# '97 BodyFitment



## aven2rus (Nov 18, 2004)

I just purchased a '97 Sentra to buildup for my 15 yearold and new to the Nissans.
Do body kits that fit 200SX fit Sentra? I found one that was the same part numbers but not all are that way.
What are the major differances?
Thanks,
Tom


----------



## black_ser95 (Mar 19, 2004)

the bumpers will line up, but im not sure about the side skirts


----------



## konfuzion3 (Sep 17, 2004)

aven2rus said:


> I just purchased a '97 Sentra to buildup for my 15 yearold and new to the Nissans.
> Do body kits that fit 200SX fit Sentra?
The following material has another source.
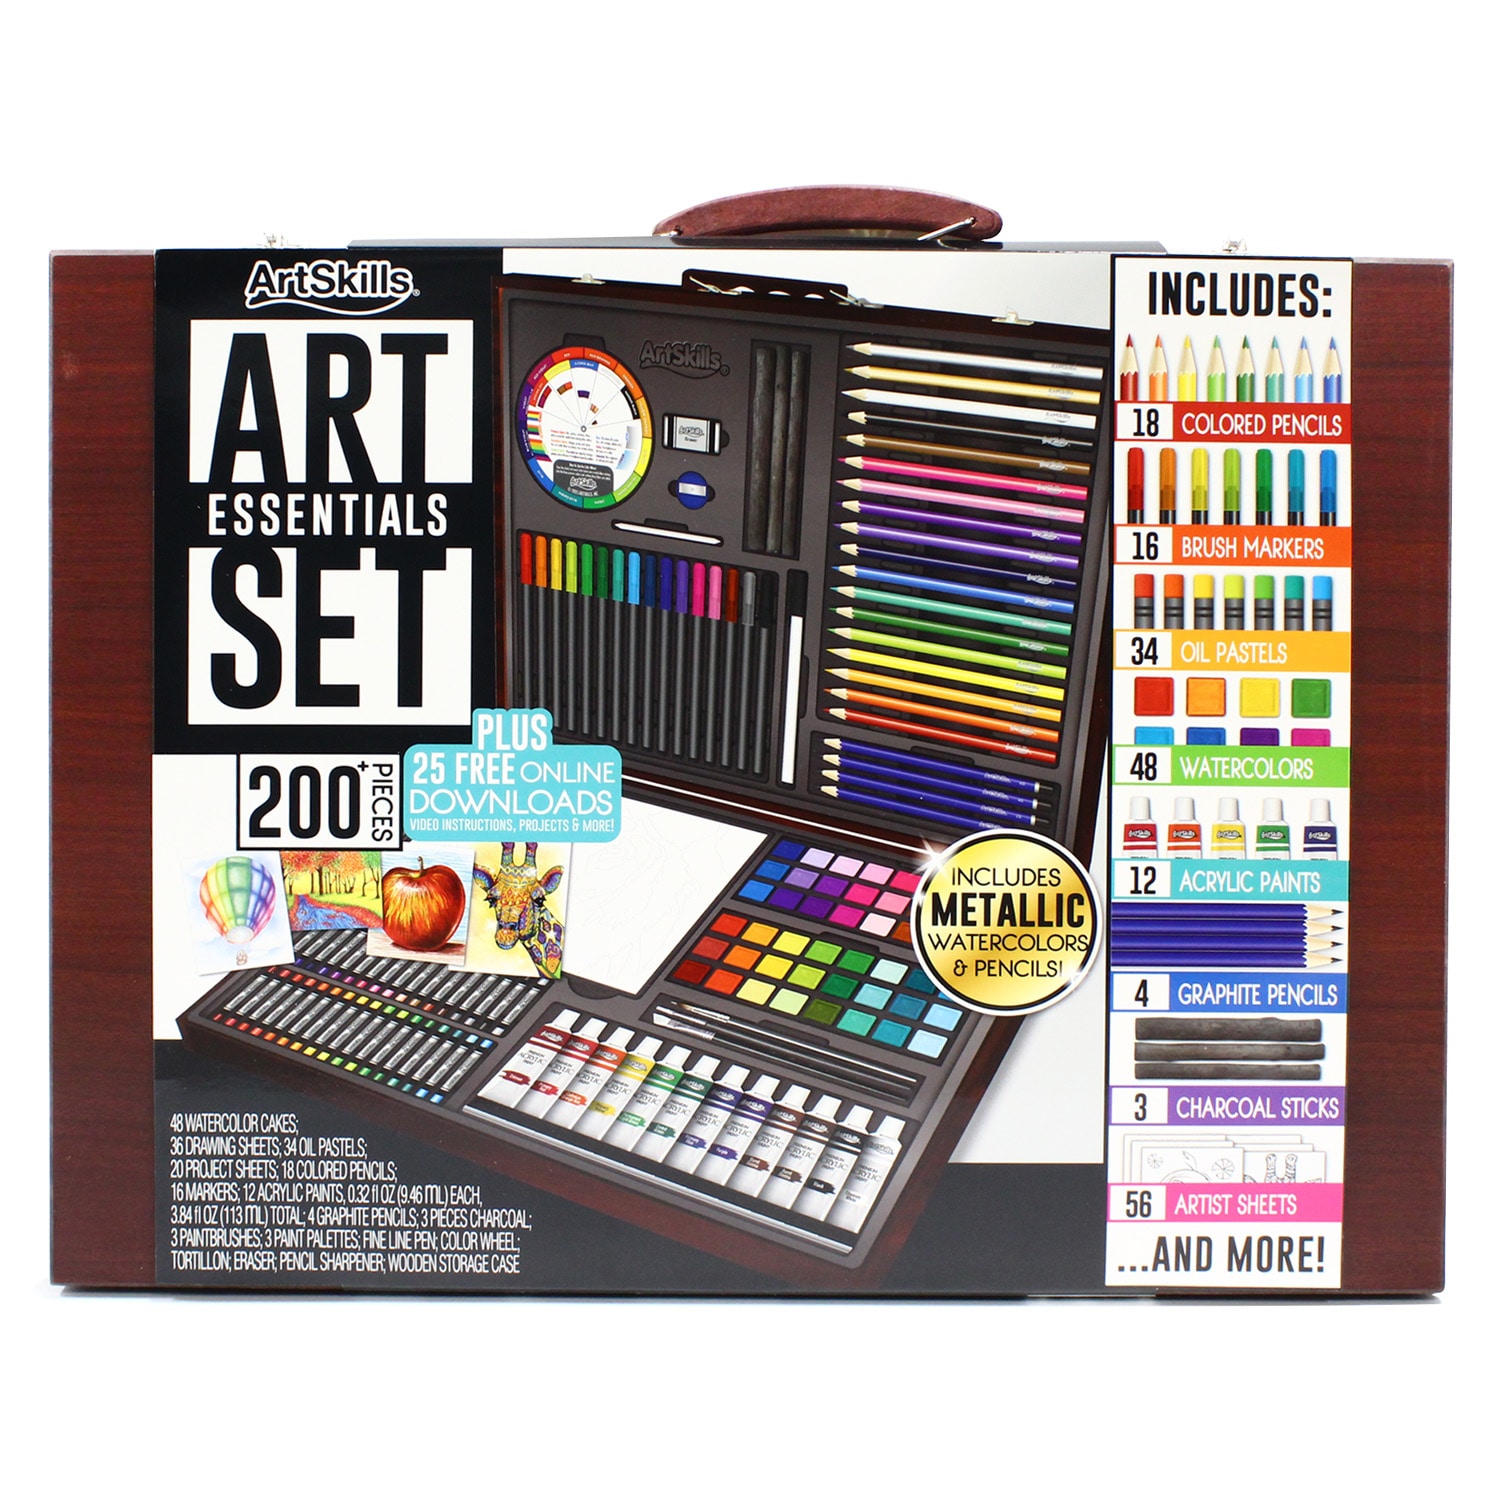 Acrylic Paint Set,56 PCS Professional Painting Supplies with Paint Brushes,  36 Colors Acrylic Paints, 1 Easel, 2 Painting Canvases, Palette, Paint

I found one that was the same part numbers but not all are that way.
> What are the major differances?
> Thanks,
> Tom



The kits are the same. Some of the side skirts fit as well.


----------



## off_da_meter (Sep 2, 2004)

aven2rus said:


> I just purchased a '97 Sentra to buildup for my 15 yearold and new to the Nissans.
> Do body kits that fit 200SX fit Sentra? I found one that was the same part numbers but not all are that way.
> What are the major differances?
> Thanks,
> Tom


for the sentra(4dr) they only sell one type of sie skirts, the extreme, but for the 200sx(2dr) they have different ones. Plus you wont find rear clear lights for the 200sx


----------



## FilthyImp (Oct 18, 2004)

off_da_meter said:


> for the sentra(4dr) they only sell one type of sie skirts, the extreme, but for the 200sx(2dr) they have different ones. Plus you wont find rear clear lights for the 200sx



The rear clear lights I believe you can find on Ebay. I dont know if it will fit right or how it would look, but I believe they do have them on ebay. I know for sure they have the clear, carbon fiber tail lights, I wanted to get them for my 200SX, but i'm broke, so I gotta keep on dreamin.


----------



## konfuzion3 (Sep 17, 2004)

FilthyImp said:


> The rear clear lights I believe you can find on Ebay. I dont know if it will fit right or how it would look, but I believe they do have them on ebay. I know for sure they have the clear, carbon fiber tail lights, I wanted to get them for my 200SX, but i'm broke, so I gotta keep on dreamin.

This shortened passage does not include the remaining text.